Following the housing market’s best year since the recession, existing-home sales are expected to increase in 2016 at a moderate pace; although affordability pressures from inventory shortages and rising mortgage rates could slow the potential for even stronger sales momentum, according to an economic forecast forum at the 2015 Realtors Conference & Expo.
Lawrence Yun, chief economist of the National Association of Realtors, presented his 2016 economic and housing forecast and was joined onstage by Cris deRitis, senior director of credit analytics at Moody’s Analytics, who also shared his insights on the housing market and U.S. economy, and Jonathan Corr, president and CEO at Ellie Mae, who discussed issues impacting the mortgage industry and how real estate professionals can adjust to the upcoming wave of new millennial buyers.
According to Yun, the pent-up demand for buying in recent years finally broke out in a meaningful way in 2015, fueled by sustained job growth in many parts of the country and rising home values giving more homeowners the incentive to sell – a trend that he expects to continue next year.
“Sales activity in 2016 will once again be primarily driven by the ongoing release of more pent-up sellers finally realizing their equity gains and using it towards the down payment on their next home,” Yun said.
With demand expected to remain stable through the final two months of the year, Yun forecasts home sales to finish 2015 at a pace of 5.30 million and then expand 3 percent to around 5.45 million in 2016.
deRitis, who said he also expects ongoing affordability pressures in some areas as builders slowly respond to current housing shortages, said there’s still an above-average share of young adults living with their parents. He predicted a burst of activity in new construction and home sales coming to fruition in upcoming years, backed by a labor market at full employment, and pent-up demand from delayed household formation and rising rents will encourage more renters to consider buying.
A portion of Yun’s presentation focused on the difficulty facing first-time buyers, whose participation in the market was reported by NAR earlier this month and fell to its lowest share in nearly 30 years.
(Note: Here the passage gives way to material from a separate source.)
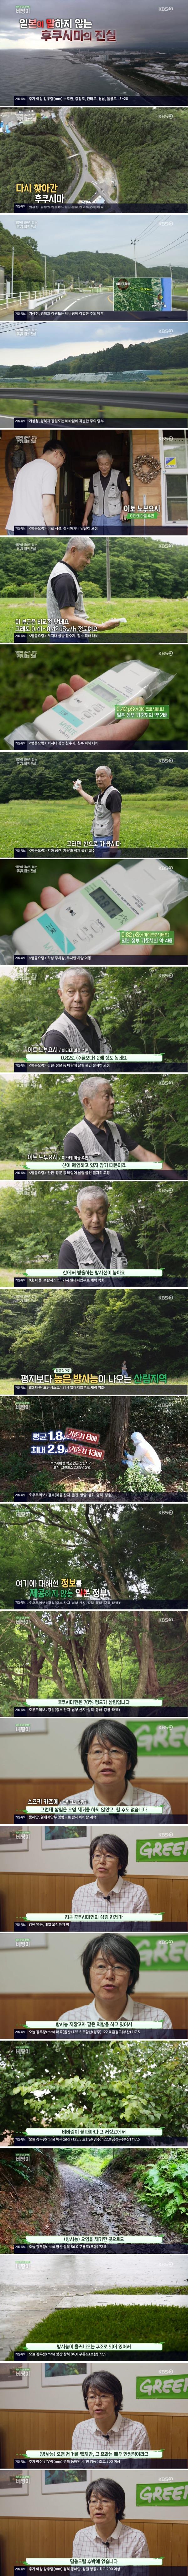 일본이 말하지 않는 후쿠시마의 진실 (kbs 베짱이)

Surprised by the underperforming percent share, he highlighted a few of the reasons behind their hardships, including a meager amount of affordable inventory, competition from vacation buyers and investors buying similarly priced homes and repaying student loan debt.
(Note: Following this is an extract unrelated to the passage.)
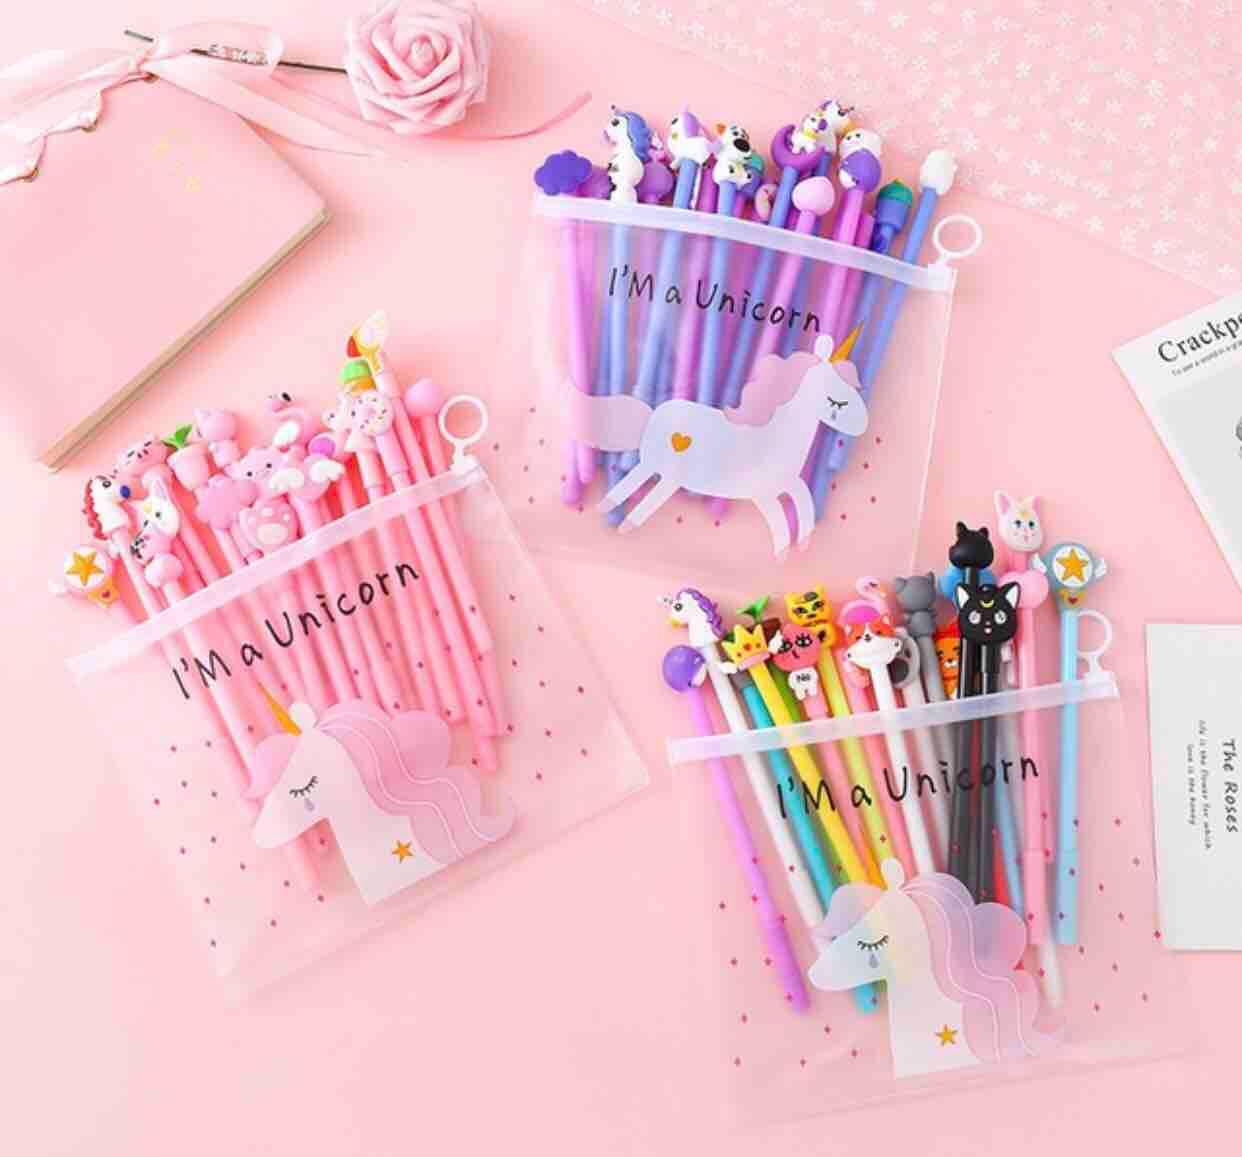 Mua Set 20 chiếc bút đáng yêu tặng kèm ví đựng(mực đen)

“Even among recently successful first-time buyers, 41 percent have student debt and the typical amount is $25,000. Repaying this debt amidst flat wage growth and sharp rent increases only makes it more difficult to come up with the cash needed for a down payment,” Yun said. “Their emergence back into the market will be a gradual one, but our data does show that young adults view homeownership as a good financial investment and part of their personal American dream.”
Yun anticipates the homeownership rate declining slightly further as the number of new renter households exceeds the share of new homebuyers – as it has since 2008.
“Millennials outnumber baby boomers by almost 10 percent, and they’re collectively just entering their homebuying years, with marriage and children on the horizon,” Corr added. “The good news is that most surveys are finding that millennials still want to engage directly with mortgage loan professionals and Realtors at key times in the buying process. Going forward, both will need to adjust accordingly by further adopting digital processes that make the buying experience easy and accessible for this group of engaged buyers.”